Scientific Reports volume 13, Article number: 17203 (2023) 


Invasive plant pathogenic fungi have a global impact, with devastating economic and environmental effects on crops and forests. Biosurveillance, a critical component of threat mitigation, requires risk prediction based on fungal lifestyles and traits. Recent studies have revealed distinct genomic patterns associated with specific groups of plant pathogenic fungi. We sought to establish whether these phytopathogenic genomic patterns hold across diverse taxonomic and ecological groups from the Ascomycota and Basidiomycota, and furthermore, if those patterns can be used in a predictive capacity for biosurveillance. Using a supervised machine learning approach that integrates phylogenetic and genomic data, we analyzed 387 fungal genomes to test a proof-of-concept for the use of genomic signatures in predicting fungal phytopathogenic lifestyles and traits during biosurveillance activities. Our machine learning feature sets were derived from genome annotation data of carbohydrate-active enzymes (CAZymes), peptidases, secondary metabolite clusters (SMCs), transporters, and transcription factors. We found that machine learning could successfully predict fungal lifestyles and traits across taxonomic groups, with the best predictive performance coming from feature sets comprising CAZyme, peptidase, and SMC data. While phylogeny was an important component in most predictions, the inclusion of genomic data improved prediction performance for every lifestyle and trait tested.
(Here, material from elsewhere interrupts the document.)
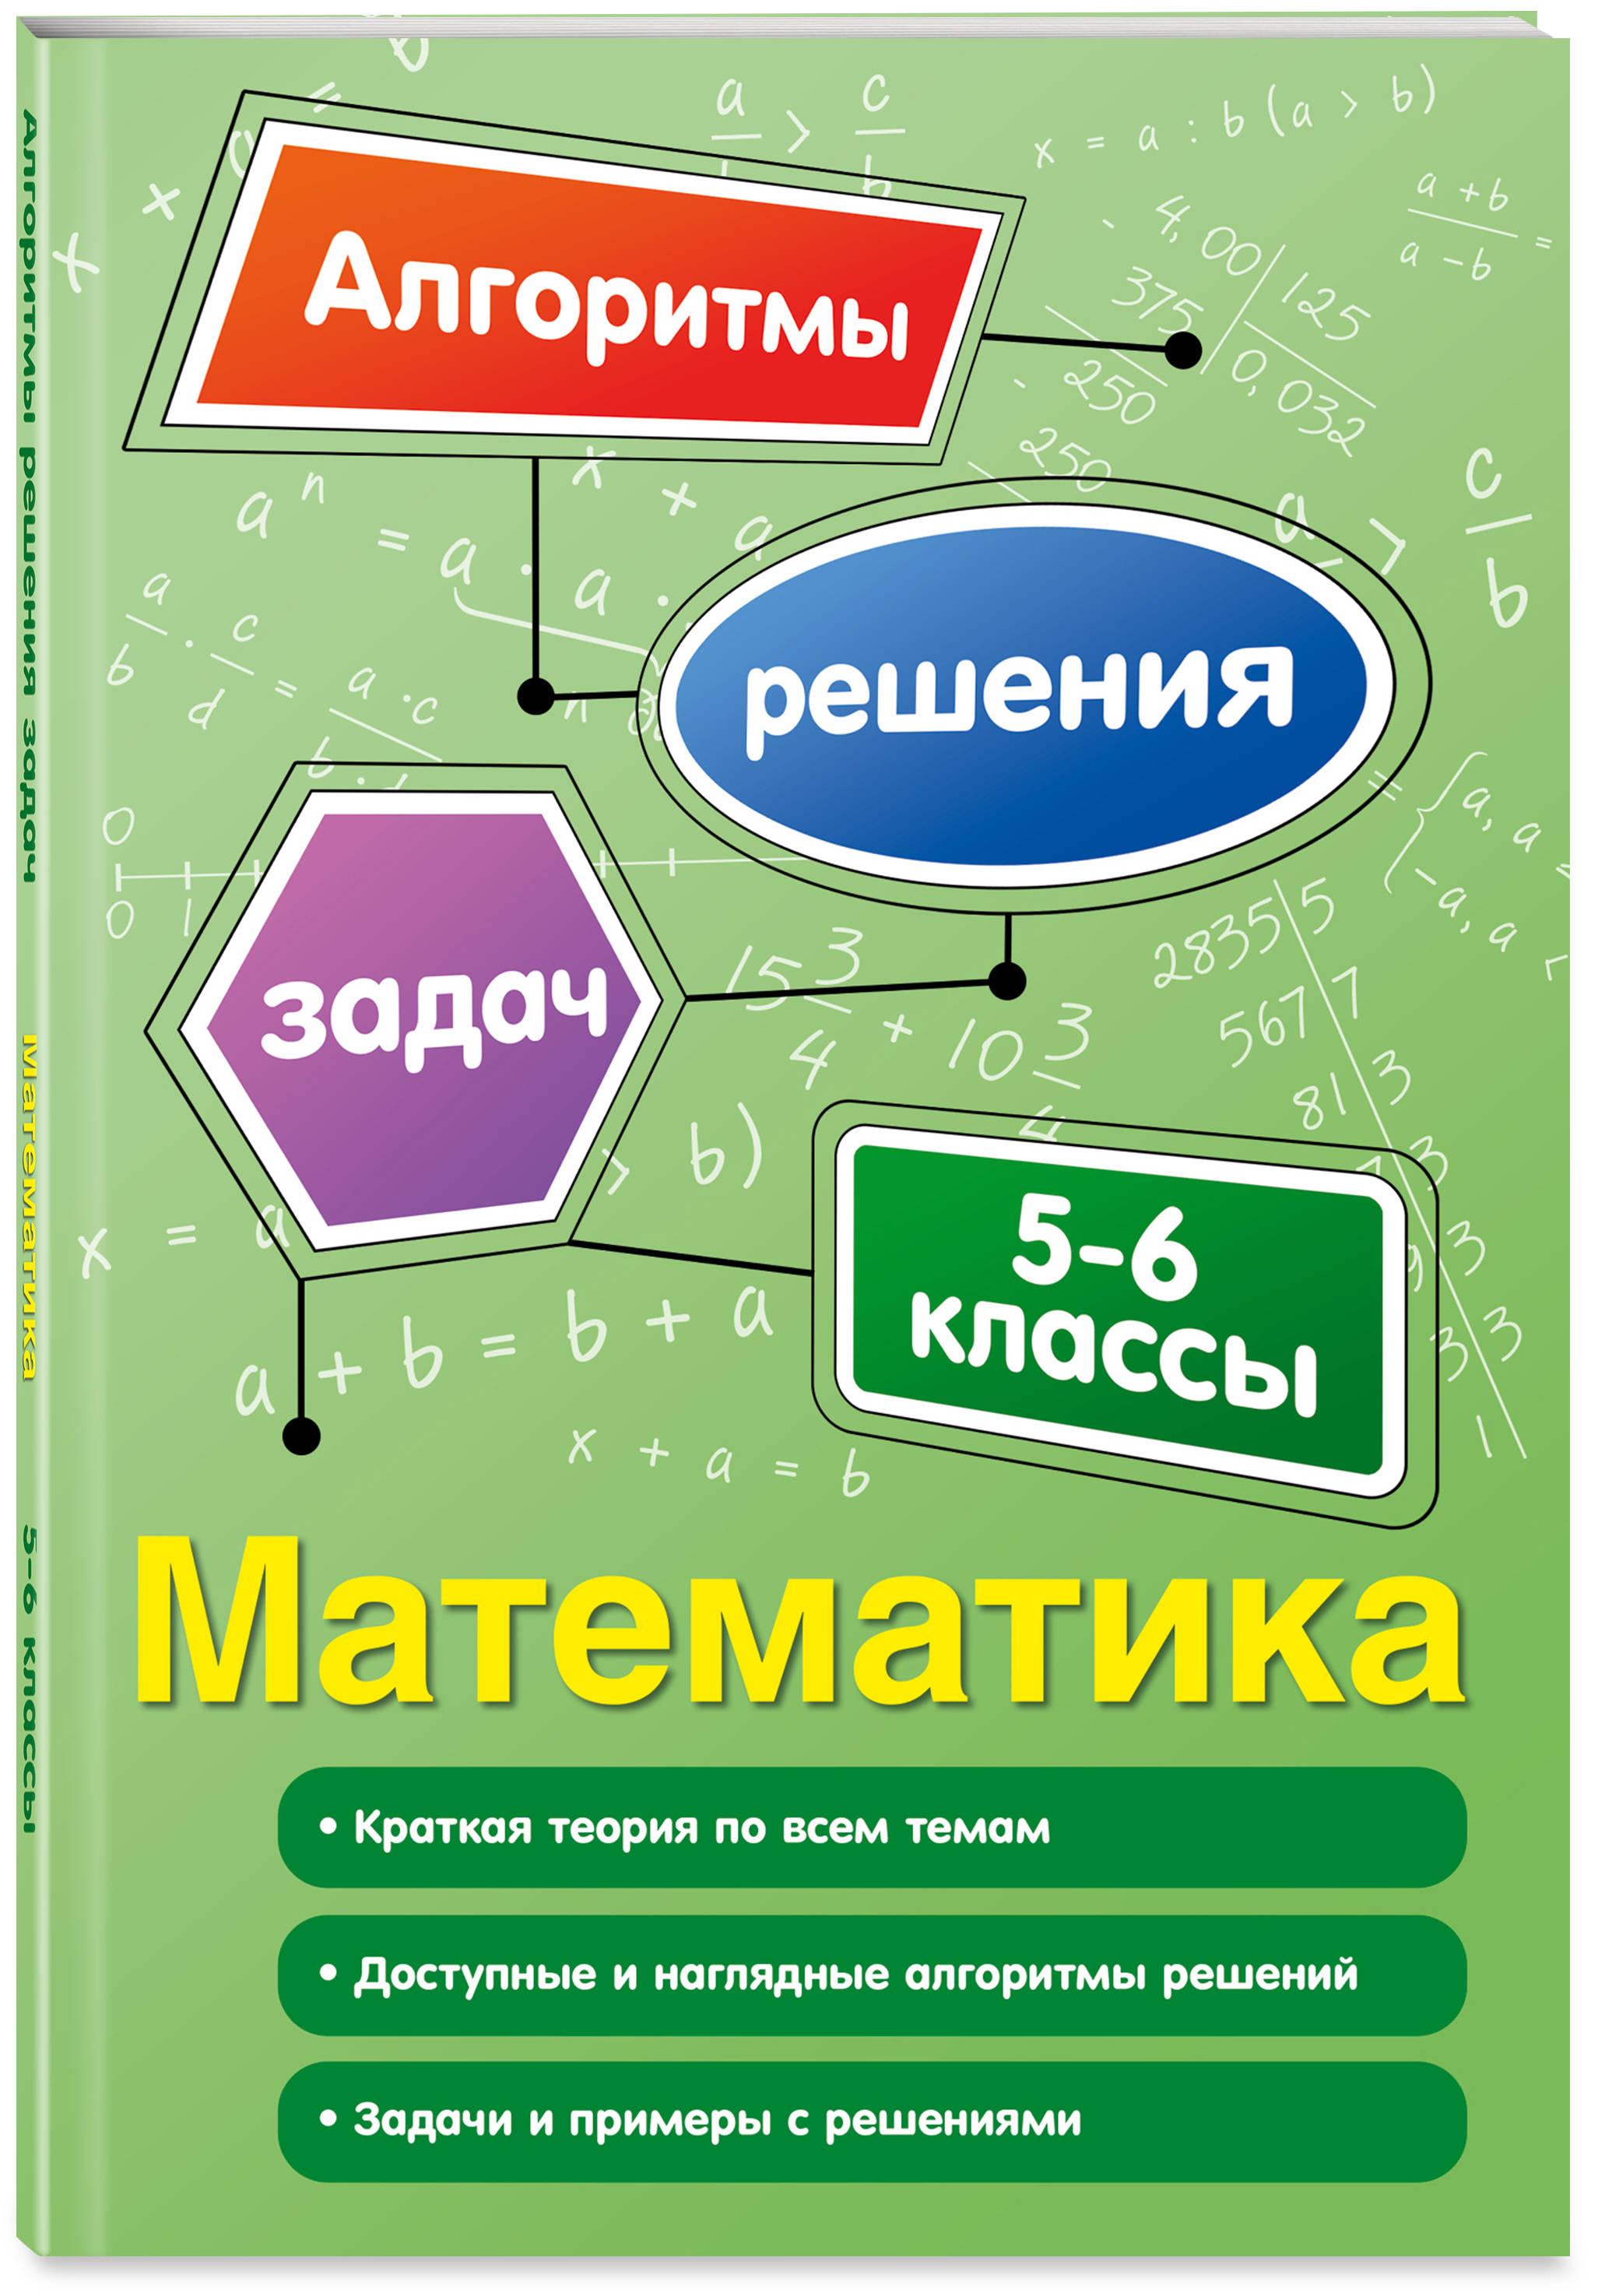 Математика. 5-6 классы ( Виноградова Татьяна Михайловна  )

Plant pathogenicity was one of the best-predicted traits, showing the promise of predictive genomics for biosurveillance applications. Furthermore, our machine learning approach revealed expansions in the number of genes from specific CAZyme and peptidase families in the genomes of plant pathogens compared to non-phytopathogenic genomes (saprotrophs, endo- and ectomycorrhizal fungi). Such genomic feature profiles give insight into the evolution of fungal phytopathogenicity and could be useful to predict the risks of unknown fungi in future biosurveillance activities.